Tribunal Yugoslavia di Den Haag secara resmi mendakwa mantan Presiden
Yugoslavia, Slobodan Milosevic melakukan tindak kejahatan terhadap
kemanusiaan dan tindak kejahatan perang di Kroasia. Dakwaan yang
diajukan bulan lalu oleh Jaksa Utama Carla del Ponte, kini
berkekuatan hukum. Sejauh ini Milosevic hanya didakwa melakukan
tindak kejahatan di Kosovo. Tuduhan kedua berkaitan dengan tahun 1991
dan 1992 ketika Milosevic menjabat Presiden Serbia. Milosevic didakwa
ikut dalam upaya mengusir warga Kroasia dan warga non-Serbia lain
dari Kroasia. Jaksa Utama Carla del Ponte sedang mempersiapkan
dakwaan ketiga berkaitan dengan pembunuhan massal Bosnia.


* PESAWAT RUSIA JATUH AKIBAT RUDAL TENTARA UKRAINA

Konon ditemukan sisa-sisa rudal pertanahan udara di pesawat terbang
Rusia yang jatuh di Laut Hitam, pekan lalu. Demikian seorang anggota
komisi penyelidikan terhadap kantor berita Rusia, Interfax. Sisa-sisa
rudal adalah bagian rudal S-200 yang digunakan tentara Ukraina
sewaktu melakukan latihan militer. Sejauh ini Kementerian Pertahanan
Ukraina selalu menyangkal berita tersebut. Semua 76 penumpang yang
terutama asal Israel dan Rusia tewas. Pemerintah Israel mengumumkan
Kamis mendatang sebagai Hari Berkabung nasional.


* DI KABUL, PENDUDUK SEMBUNYI DI TENGAH PERANG BARU

Wakil Presiden Hamzah Haz berada dalam dilema dan menghadapi resiko
bisa ditinggalkan para pendukungnya apabila menolak syariah dan
jihad. Demikian anggota DPR dari partai PBB, Sumargono yang
belakangan dekat dengan Presiden Megawati Soekarnoputri.

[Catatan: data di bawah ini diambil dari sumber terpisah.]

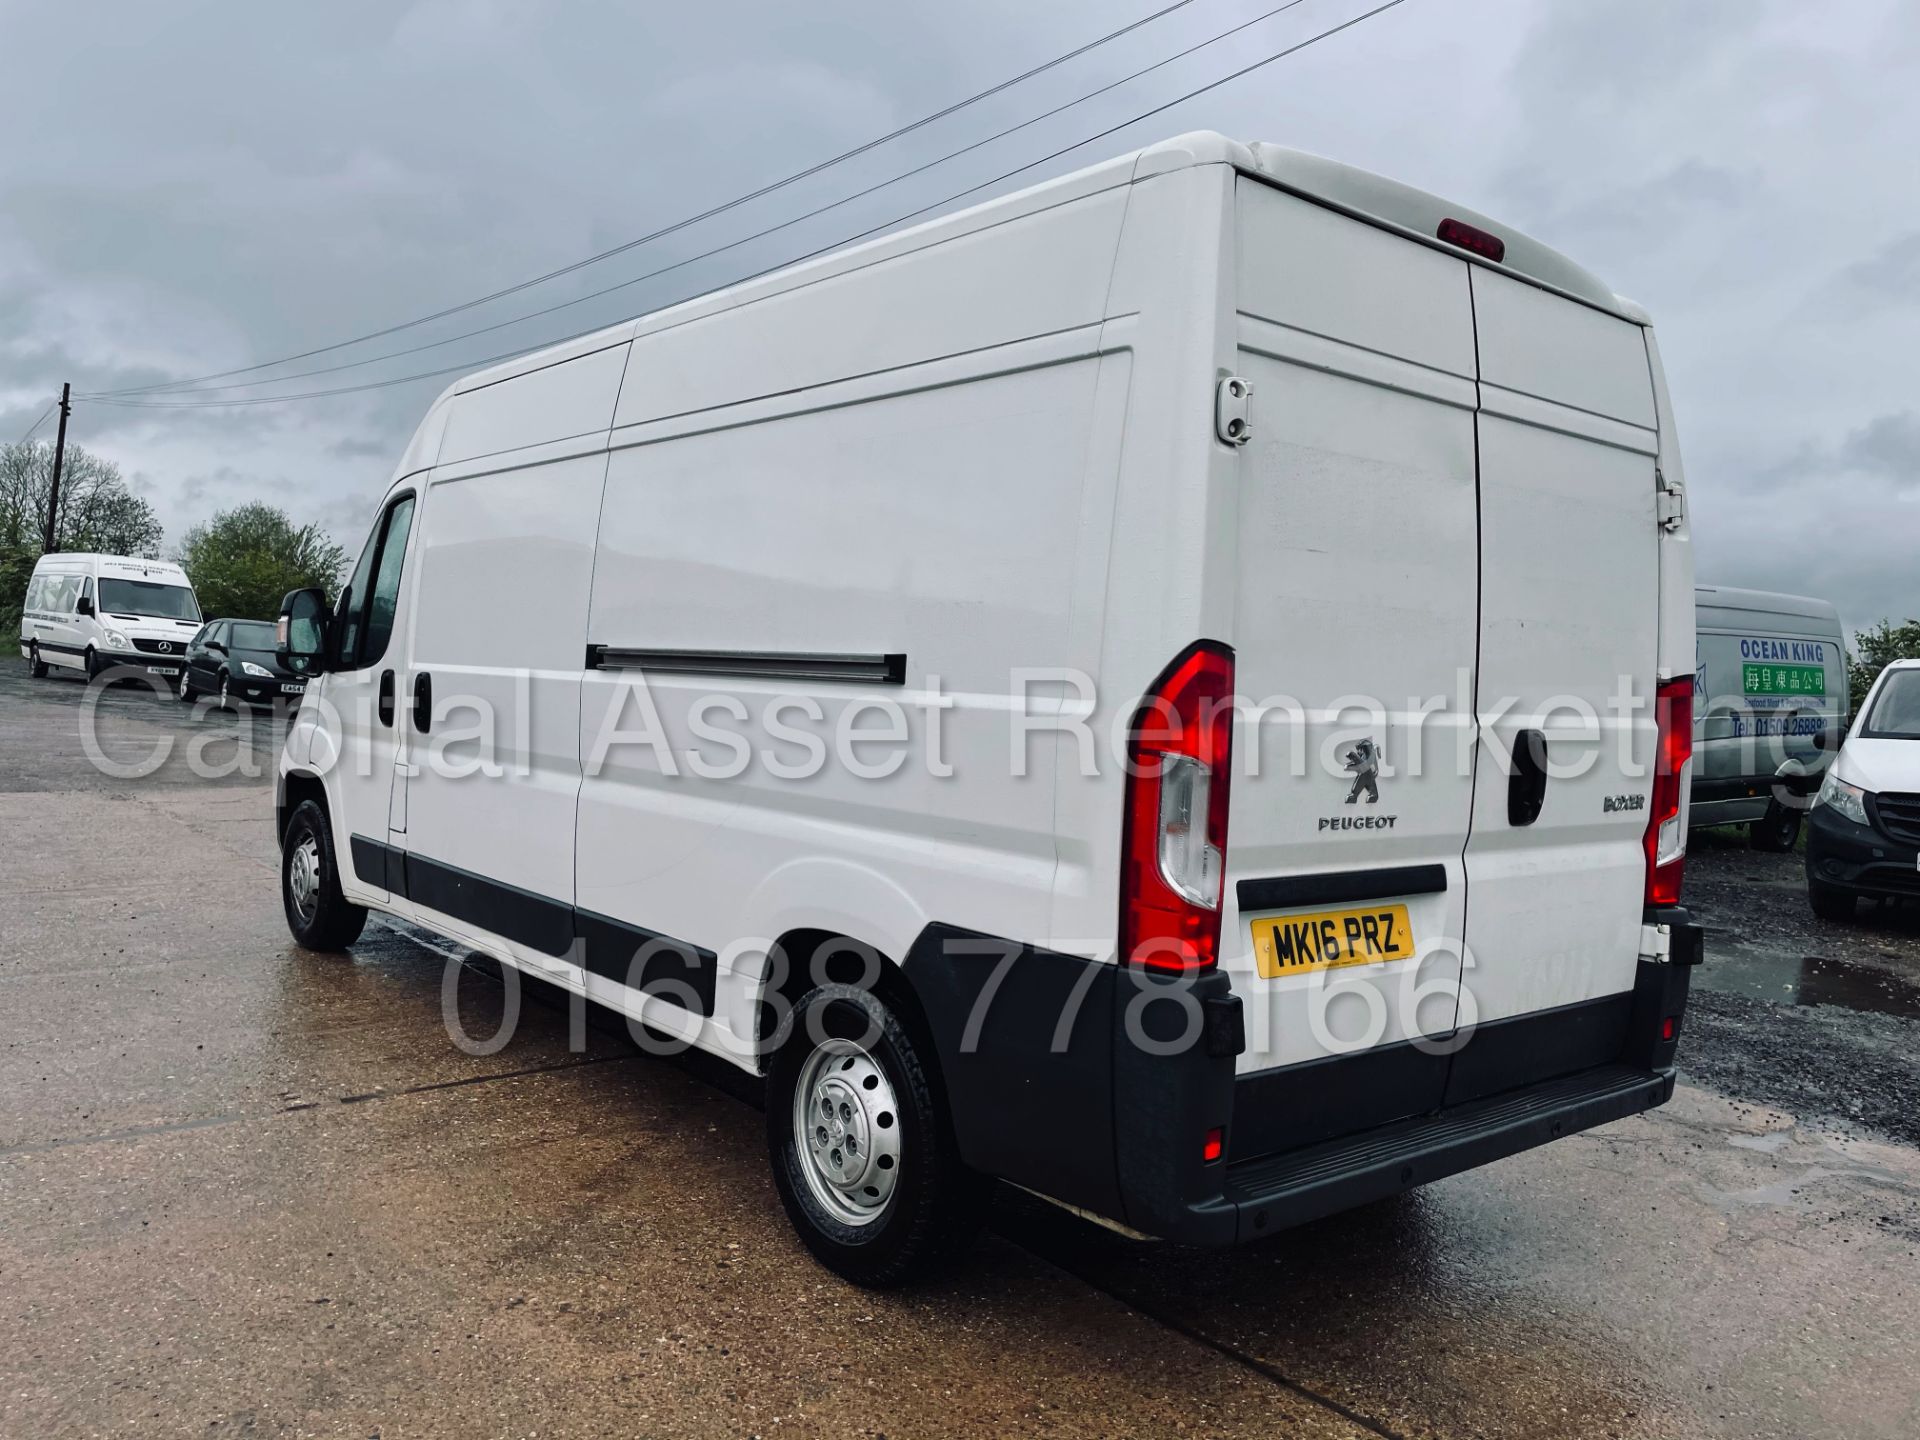 (On Sale) PEUGEOT BOXER 335 *PROFESSIONAL* LWB HI-ROOF (2016) '2.2 HDI - 6 SPEED' *A/C* (1 OWNER) - Image 10 of 41

Pertama-tama
kami tanyakan tanggapannya tentang serangan Amerika di Afganistan.

Sumargono [S]: Ya saya menganggap bahwa tindakan Amerika yang begitu
cepat mengambil keputusan menyerang Afganistan, sementara sampai saat
sekarang ini masih belum bisa dibuktikan tuduhan terhadap tersangka
Osama bin Laden apalagi kemudian dikaitkan dengan Afganistan. Ini
menjadi pemicu terhadap sentimen keagamaan yang sangat tinggi di
kalangan negara-negara yang masyarakatnya, rakyatnya lebih banyak
beragama islam, termasuk Indonesia. Kemudian dari sisi lain, dari
aspek humanisme universal ini juga tidak bisa diterima oleh pemikiran
sehat bahwa pemboman ke Afganistan itu diarahkan kepada sentra-sentra
yang terbatas, yaitu untuk tidak mengenai rakyat sipil dan segala
macam. Itu yang ganitan masuk akal. Yang kelihatan sekarang rakyat
sipil itu sudah menderita.

Radio Nederland [RN]: Kan ini terbatas masih mendingan atau tidak?

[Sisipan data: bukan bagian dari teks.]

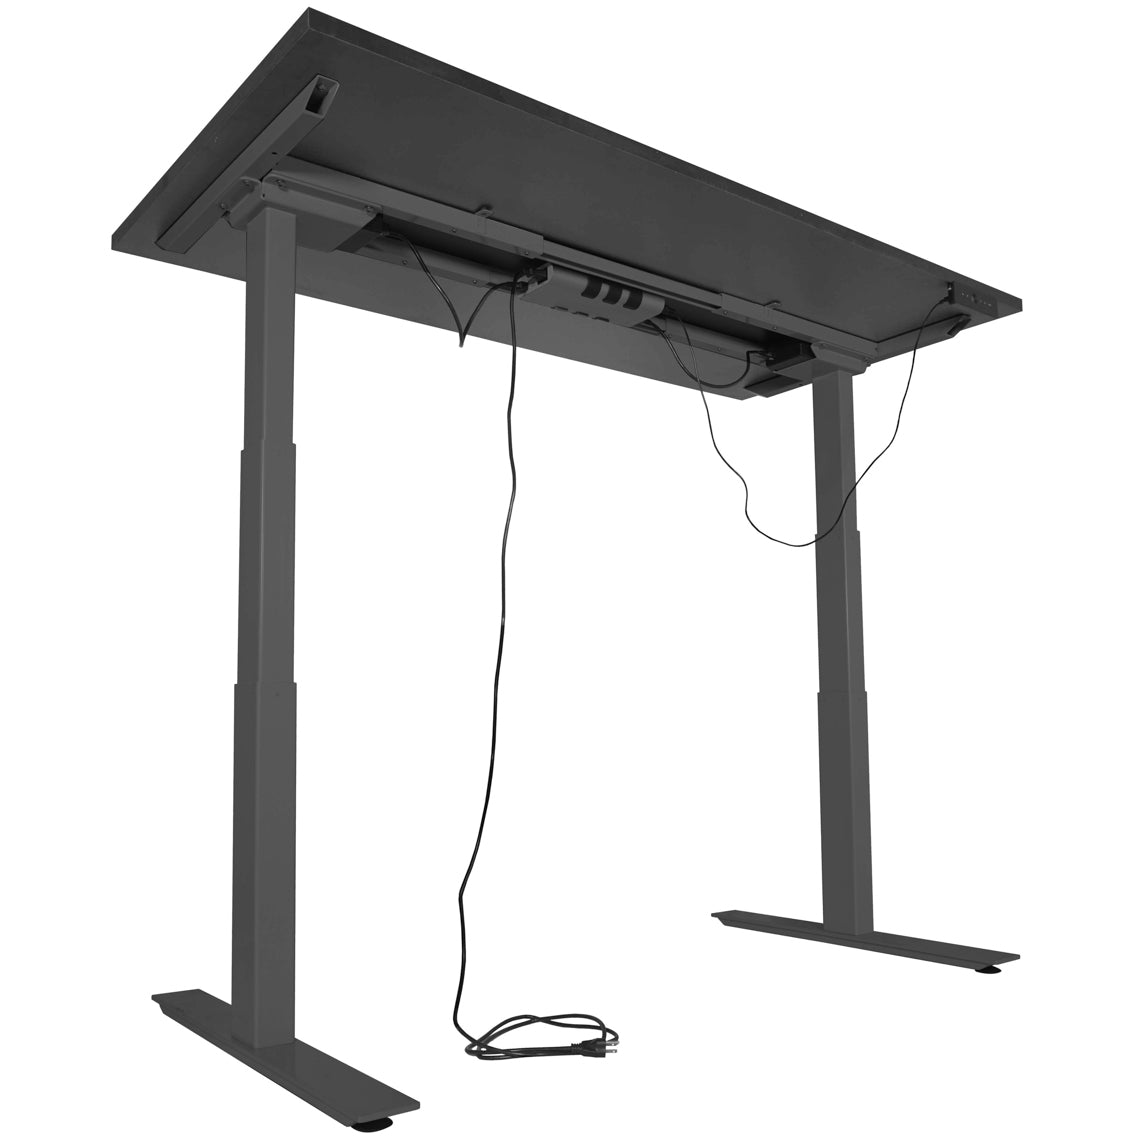 A6 Adjustable Sit To Stand Desk 24"- 50" W/ Black 60" X 30" Top - view 4

S: Terbatas saja kita tidak setuju.

RN: Pak Sumargono beberapa tahun lalu anda memimpin suatu upaya untuk
mengirim Jihad ke Bosnia menggerakkan solidaritas, Kisdi. Jadi
sekarang anda setuju juga dengan Jihad dikirim ke Afganistan bukan?

S: Saya sangat setuju, jadi tidak boleh dihalangi oleh pemerintah
karena juga mengandung hak asasi.

RN: Tampaknya ada perbedaan pendekatan bahkan mungkin juga keretakan
antara Presiden Megawati dan Wakil Presiden Hamzah Haz mengenai soal
Jihad, pertama mengenai soal syariah sekarang soal Jihad. Benar atau
nggak ini?

S: Oh nggak. Masalah ini sebetulnya memang kita harus akui sementara
secara jujur bahwa pemerintah Indonesia sekarang ini mengalami satu
dilematis di mana satu sisi pemerintah Indonesia sangat tergantung
kepada Amerika, sedangkan di sisi lain rakyat Indonesia ini tidak
menginginkan sehingga keputusan yang diambil oleh pemerintah ini
tidak memberikan suatu kepuasan kepada rakyat. Nah,
formulasi-formulasi ini yang sedang digodok. Saya pikir ini nggak
ada. Pak Hamzah Haz selalu konsultasi dengan Presiden dan
Menkopolkam. Itu saya tahu persis bagaimana memformulasikan itu. Tapi
dalam posisi seperti ini memang Indonesia sangat dilematis sekali.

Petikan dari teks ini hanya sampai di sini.